THE island’s elite cricketers have long played for the Rozel Shield and it is thanks to the trophy’s donor that we can get a snapshot of cricket during the Occupation period. Bonamy ‘Bonny’ Martel recalled those hard times on and off the wicket in 1977 for the 50th anniversary of the Guernsey Cricket League. ‘Not surprisingly, very little cricket was played in 1940 – the year that the German forces arrived: he wrote.

‘It was in the winter of 1940·41 that the few cricketers left decided to start playing again. ‘We had to find a field and at the time the Germans wanted all available land for cultivation. By now the Fort Field was already out of bounds. It left us with only KGV and the College Field.’ All clubs that played prior to the Occupation had been disbanded, so it was left to us to form new teams. We called them Western Rovers, YOB, Brighton Stragglers and GlCC Colts. They played Evening cricket at KGV starting at 6pm and playing until 9pm. ‘The first match was between Brighton Stragglers and Western Rovers on 23 July 1941, and other matches were played at this venue until 28 August that year when the Germans stopped us playing there. They wanted the field to build hut accommodation for their troops and workers.

In 1942 it was far from certain that the College Field would. be available because the Germans wanted it cultivated. This would have left us with no playing area at all, but after many meetings between the Farm Produce Board and the German officials, it was decided to leave the field as it was.’ In the same year, four new teams were formed, namely The Foresters, St Stephen’s, Casuals and Sarnian Club. We also played some afternoon matches such as Married v. Single and Country v. Town, etc.’ Nearly all these matches were umpired by Frank Mourant, Frank Langmead and Henry Rylatt, who died in December 1944.

‘The pitches were prepared by Charlie Gardner and Bill Allen. Bill was deported to Germany in 1940 but returned the following year.

‘During 1943 cricket equipment was getting very scarce, especially bats and balls, and it was left to cricket enthusiasts to seek equipment from islanders who might have any lying around.’ In the middle of the 1944 season some people thought that cricket might be too dangerous to continue because of RAF activity over Guernsey. However, we decided to continue, if only for the sake of morale and spirit, although some players did give up. ‘Attendances at afternoon matches were often quite large, including some interested German spectators. ‘On one occasion we had the unexpected visit of one of their officers who got so interested in the game that he encroached on to the pitch and stood his ground in the region of cover until a beautiful cover drive hit him on the knee.

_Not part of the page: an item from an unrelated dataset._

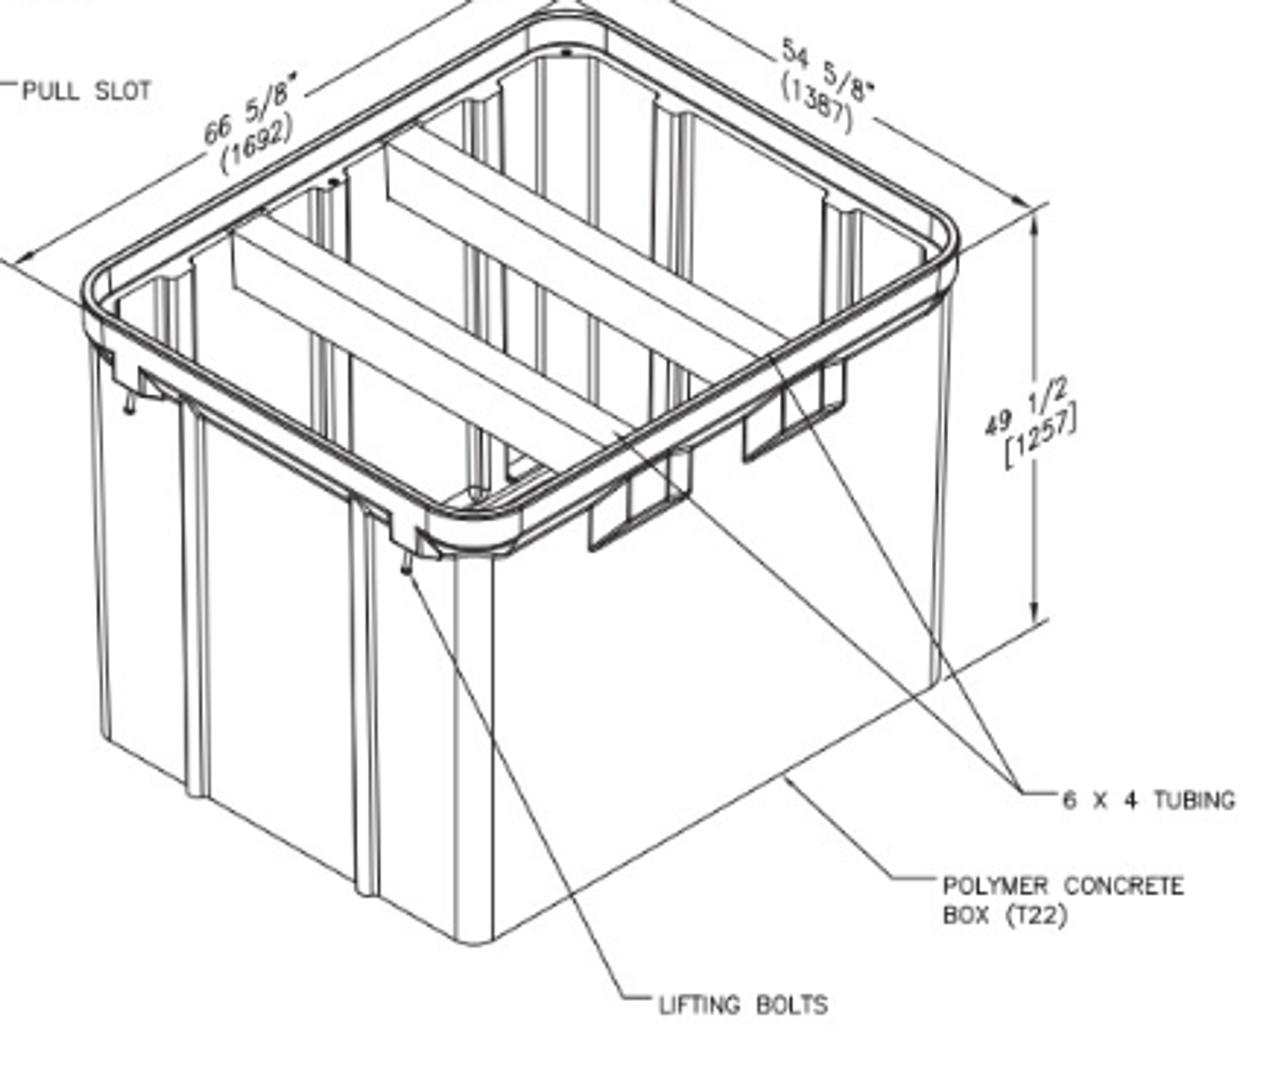 PG4860BA48 - Quazite Box 48 X 60 X 48 - ANSI Tier 22

He went down as if he’d been shot and what he shouted in German was never known, but after a few minutes he stood up and hobbled away slowly, muttering to himself.’ There were other “attractions” during these games.
The Germans had a de-lousing tank at the College Field and they used to wash and sunbathe in the nude.’ Last, but not least, my wife [Marguerite] and other players’ wives and girlfriends formed a catering staff, and what a great job they did.

‘The meals for the holiday games were cooked near the sheds on a Guernsey Trepid with an open fire. The fuel used was sticks and furze, and the lunch was usually boiled potatoes, vegetables and salad.’ At the tea interval we had scones, made with wheat flour. We also had vinegar cake and to wash all this down we had either tea made with dried carrots or bramble leaves or coffee made with acorns.

‘There’s no doubt about it, we made friends, we enjoyed it and above all, we survived.’ The war over, Evening League cricket returned in 1946 and the side to beat were still Pilgrims, who won a hat-trick of titles. The Pilgrims team of the late 1940s contained such players as Hilary Rich, probably the best all-rounder of his time, John Martel, who possessed an impregnable defence, Laurie Guilbert, wicket-keeper and league secretary, Bertie Luckie, of the hit-outer get-out technique, and the veteran Alec Rose. The Optimists provided such players as the late Bob Hamon, a wicket-keeper who took every ball one-handed, Frank Stroobant, who when fielding other than to his own bowling took his hands away from every ball, Stan Ephgrave and George Sandercock, who loved bowling and batting. Pessimists, meanwhile, were both admired and disliked for introducing the run-saving field placings which are now common practice. The Occupation years provided one remarkable individual display, though, with Brighton Stragglers’ T. Dorrian taking all 11 wickets in an evening match against the Foresters. Yes, you read it right, all 11, not 10.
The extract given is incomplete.